AsParallel on a to small set
Let’s change that code, and set the list size to 100. Then the results will look like that:
Single threaded: 4
AsParallel: 15
And yes. Those numbers are tiny. But if you have it in every web request or a small that’s frequently called function it cumulates and affects overall performance. When talking about small functions they have a habit of being used in other functions, thus creating bigger blocks. Those blocks tend to be … parallelized. So let’s see what happens then.
Nested AsParallel
It is more or less the same code as above, but now we have:
CalcInSingleAsParallel
that calculates the primes usingAsParallel
(same as above)’CalcInTwoNestedAsParallel
splits a list into chunks and returns in parallel callsCalcInSingleAsParallel
One thing to note about
CalcInTwoNestedAsParallel
is that it splits the list into chunks when being invoked, but returns anIEnumerable
. This trick defers the calculation of the prime untilCount
is being called. This wayMeasureTime
only measures the prime calculating part.
void Main()
{
//create the list
const int _numberCount = 1*1000*1000;
var list = new List<int>(_numberCount);
for (var i = 0; i < _numberCount; i++)
{
list.Add(i);
}
// split the list into 10 fragments and return an IEnumerable<IEnumerable<int>>
var tenFragments = CalcInTwoNestedAsParallel(list, 10);
MeasureTime(
() => tenFragments.Sum(a => a.Count())
);
// split the list into 100 fragments and return an IEnumerable<IEnumerable<int>>
var hundretFragments = CalcInTwoNestedAsParallel(list, 100);
//calculate the prime number
MeasureTime(
() => hundretFragments.Sum(a => a.Count())
);
// split the list into 1000 fragments and return an IEnumerable<IEnumerable<int>>
var thousandFragments = CalcInTwoNestedAsParallel(list, 1000);
//calculate the prime number
MeasureTime(
() => thousandFragments.Sum(a => a.Count())
);
}
private static IEnumerable<IEnumerable<int>> CalcInTwoNestedAsParallel(List<int> numbers, int chunkNumber)
{
var numbersChunks = ToChunks(numbers, chunkNumber);
return numbersChunks
.AsParallel()
.Select(CalcInSingleAsParallel)
;
}
private static IEnumerable<int> CalcInSingleAsParallel(List<int> numbers)
{
return numbers
.AsParallel()
.Where(IsPrime)
;
}
private static List<List<int>> ToChunks(List<int> source, int nSize = 30)
{
var ret = new List<List<int>>();
for (var i = 0; i < source.Count; i += nSize)
{
var tmp = source.GetRange(i, Math.Min(nSize, source.Count - i));
ret.Add(tmp);
}
return ret;
}
internal static bool IsPrime(int number)
{
if (number == 1) return false;
if (number == 2) return true;
var boundary = (int) Math.Floor(Math.Sqrt(number));
for (var i = 2; i <= boundary; ++i)
{
if (number%i == 0) return false;
}
return true;
}
private static void MeasureTime(Func<int> a)
{
var sw = Stopwatch.StartNew();
a();
sw.Stop();
Console.WriteLine("Took: " + sw.ElapsedMilliseconds);
}
The results look like this:
For 10 chunks containing 100 000 elements it took: 1737
For 100 chunks containing 10 000 elements it took: 361
For 1000 chunks containing 1 000 elements it took: 228
We have a ~7.6 times difference between the best and the worst run, and ~12.5 times difference when compared to a single AsParallel
! It gets even worse when we nest it into another AsParallel
(while maintaining the same total amount of calculations being done):
For 10*10 chunks containing 10 000 elements it took: 3061
For 100*100 chunks containing 100 elements it took: 571
For 1000*1000 chunks containing 1 elements it took: 284
Take a look again at the last line: For 1000*1000 chunks containing 1 elements it took: 284 It was the fastest in this run although having very tiny (one element) lists.

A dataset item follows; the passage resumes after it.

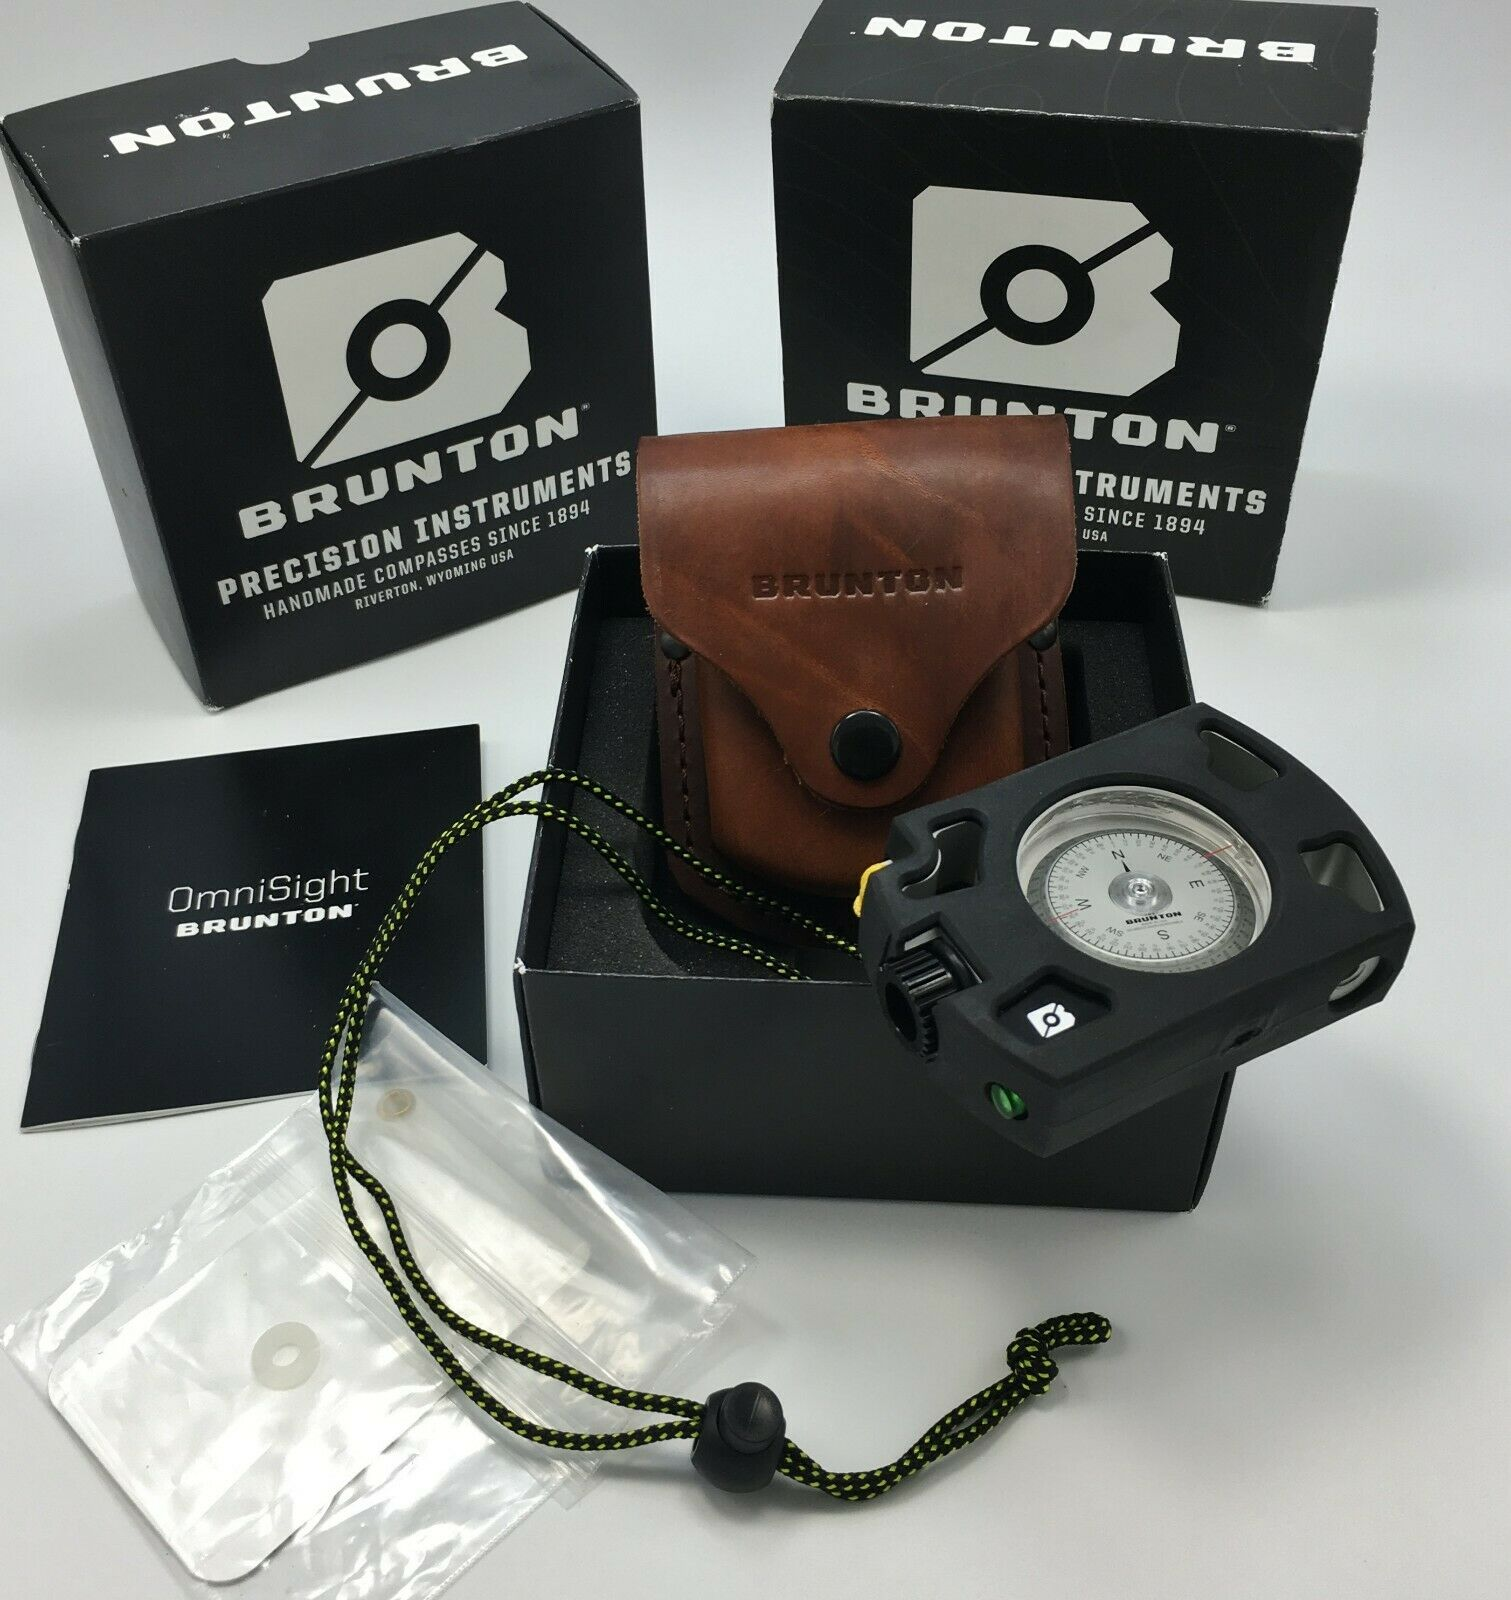 Brunton ® Omni-vista avistamiento Iluminado LED Brújula + Cochecasa De Aluminio & Vaina

The difference between the best and the worst run is this case is 11 times. When compared to the best run (a single AsParallel
) it is more than 22 times slower! Why is that?
The profiler
This is the dotTrace result for all of the above:
No nesting, single AsParallel
:
One nesting (so two AsParallel
), 10 chunks:
Two nestings (so three AsParallel
), 10*10 chunks:
So what is happening in those applications?
The first thread is the main thread of the application. The long delay before spawning more threads is the start-up of the application and list creation. Next threads start to show up. This is because of the call to AsParallel
. It triggers TPL’s TaskScheduler
which tries to create just the right amount of threads to minimize context switching between them and, at the same time, parallelize as much as possible by assigning tasks to thread and if needed creating more threads.
So why do we have such huge difference in execution times? Then we compare the images, the answer what is wrong becomes obvious. The cost is hidden in switching and managing threads. TPL’s task scheduler is creating new threads and assigning tasks to them because it thinks adding more will help (a single operation is short). At the same time, the operating system is switching between threads, trying to give each a slice of processors time thus reducing the time real computation is being done. Those two managers are interfering each other leading to almost no work being done and in the end a 22 times increase in time needed for the work to finish.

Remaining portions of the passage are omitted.